On Thursday evening I went to the Comedy Store in Manchester with some work colleagues for one of those team night out things. It is a sad sign of my advancing years that I was finding the prospect less than thrilling as Thursday rolled along, and the appeal of going home, getting warm and “seckled” seemed like the preferable option.

As is usually the case, after making the effort it was an enjoyable night. None of the comedians on the bill were household names of course, but that didn’t stop them being entertaining (on the whole) and I laughed a lot. I doff my imaginary cap to their bottle and bravery to do such a thing.

It would appear that some of the audience are regulars and attend to indulge in the sport known as heckling. It is a bit of a one-sided sport with the comedians having the microphone and all the wit but it was funny at times nonetheless.

As soon as the last act finished I and other “aged” colleague were off home leaving those with an age lower than my waist measurement to go off and do silly things like get drunk on a work night.

On Friday evening Louise, Emily and I went to the cinema to watch the Catching Fire (Hunger Games 2) film. My Pick N Mix intake of late has reached health threatening proportions. With Saving Mr Banks and a whole host of decent films coming out over Christmas I may be diabetic by January.

Despite a delayed start due to some broken heating in one of the theatres, we enjoyed the film a lot. It was Emily’s second viewing of it as she had gone to a midnight showing in the early hours of Thursday too. Being the second in a series of three (or is it four? I heard the last book will be two films) it ended in a weird place but a good sign was that the almost three hours flew by so it must have been entertaining.

As if two outings were not enough, on Saturday we decided to go to the German Christmas Markets in Manchester. In all the years it has been on we have never done so, and felt it was high time we did. In a very rare event, all four of us ventured out together on a family outing, Rebecca is nowadays more often than not doing boyfriend things, so that was a nice change.
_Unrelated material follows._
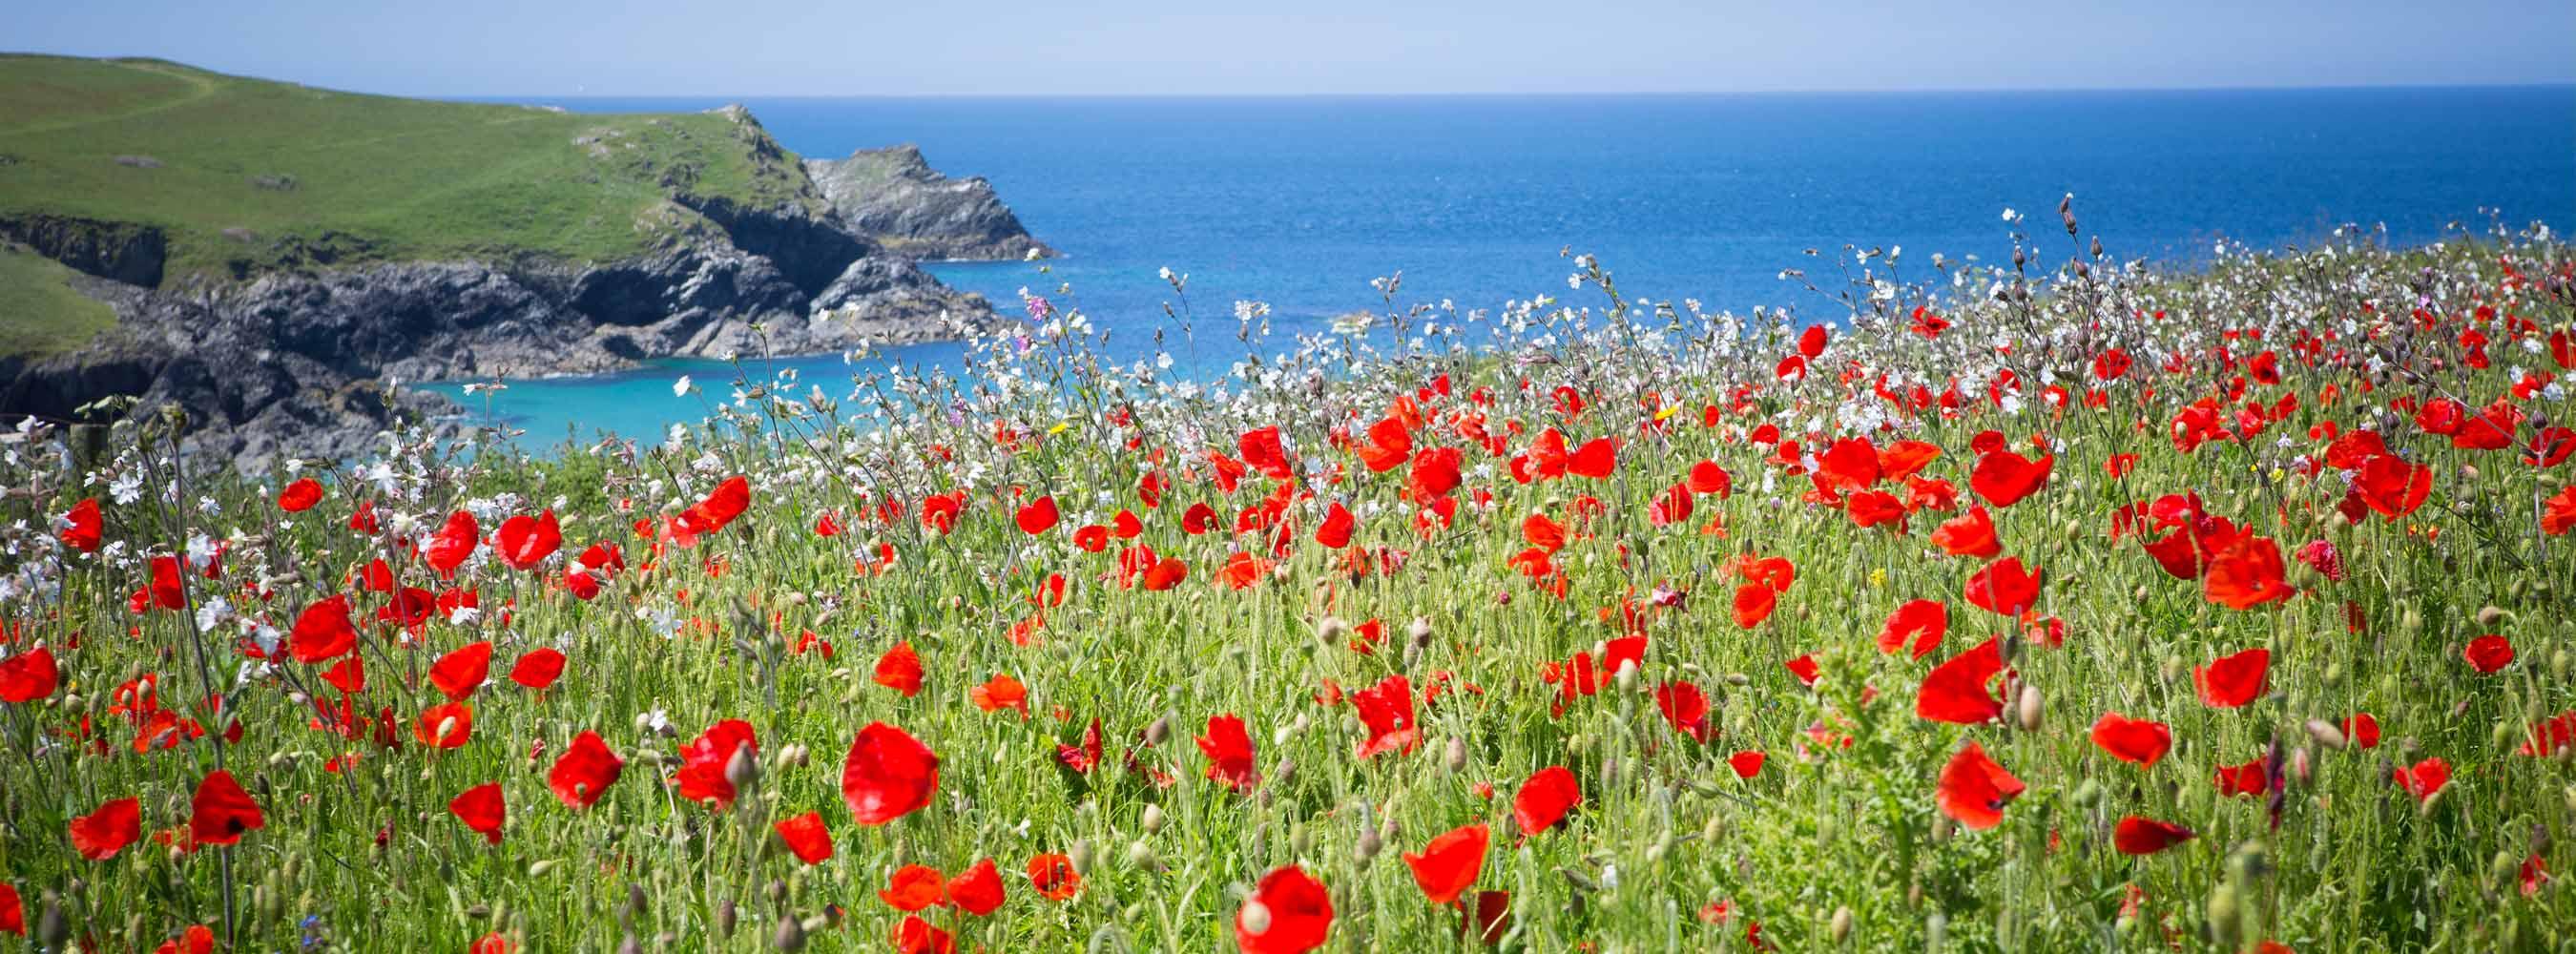 Location Poly Joke Coastal Poppies

We had decided to use public transport, namely a train, from our local station at Bromley Cross to Manchester. The service operated by Northern Rail was bordering on a risk to public safety. The number of people crammed into the train was incredible. You know that I am not one to complain about the cost of things, but at £32 return for the four of us, we could have flown to a European city off-peak for not much more.

Safe to say, especially after the journey from hell back home again we shall not be doing anything as silly again. We shall drive.

Upon arriving we of course ate. This was a Williams outing regardless of the venue.

rebecca markets

Anyway, the markets themselves were busy too, and so it was difficult at times to even look at the stalls. We did the best we could, and combined the visit with my trip to the Apple Store for my Genius appointment. My iPhone had stopped liking Wi-Fi recently and I wanted to get to the bottom of it. I had read on the internets that the latest version of the operating system was more than likely to blame, frying the Wi-Fi chip, and as much as the long-haired youth with a red T Shirt on didn’t want to confirm this, he did everything but.

Of course with my phone out of warranty, he offered me an option of a new handset for £150 at which I laughed. He suggested I go back to the retailer I bought it from, who under “Consumer Law” should replace or repair for free within two years.This was clearly an Apple script for dealing with that seems to be a massive fail on their part as the internet is full of the same problem, all after the upgrade to OS7. Of course the retailer did not wish to do any such thing, so I was brewing for a huge argument when I realised that my very posh bank account provides us with mobile phone insurance, so I called them today and a new handset will be with me tomorrow.

That, my friends, is a right result. So that went some way to make up for the horrific journey to and from Manchester at an extortionate price.

So how on earth in that whirlwind of a week have I found time to get “the book” up to 40,000 words? Well, each lunchtime I manage to crack off about 2,000 words, and then with some evening tweaking and a good solid session today, that is where I am. I’m rather pleased with that.

I don’t want to rush the thing, but I’m finding the discipline of doing so much each day really helping. Some of it will be crap of course as sometimes I just don’t feel like it, but that is all for correction and improvement later.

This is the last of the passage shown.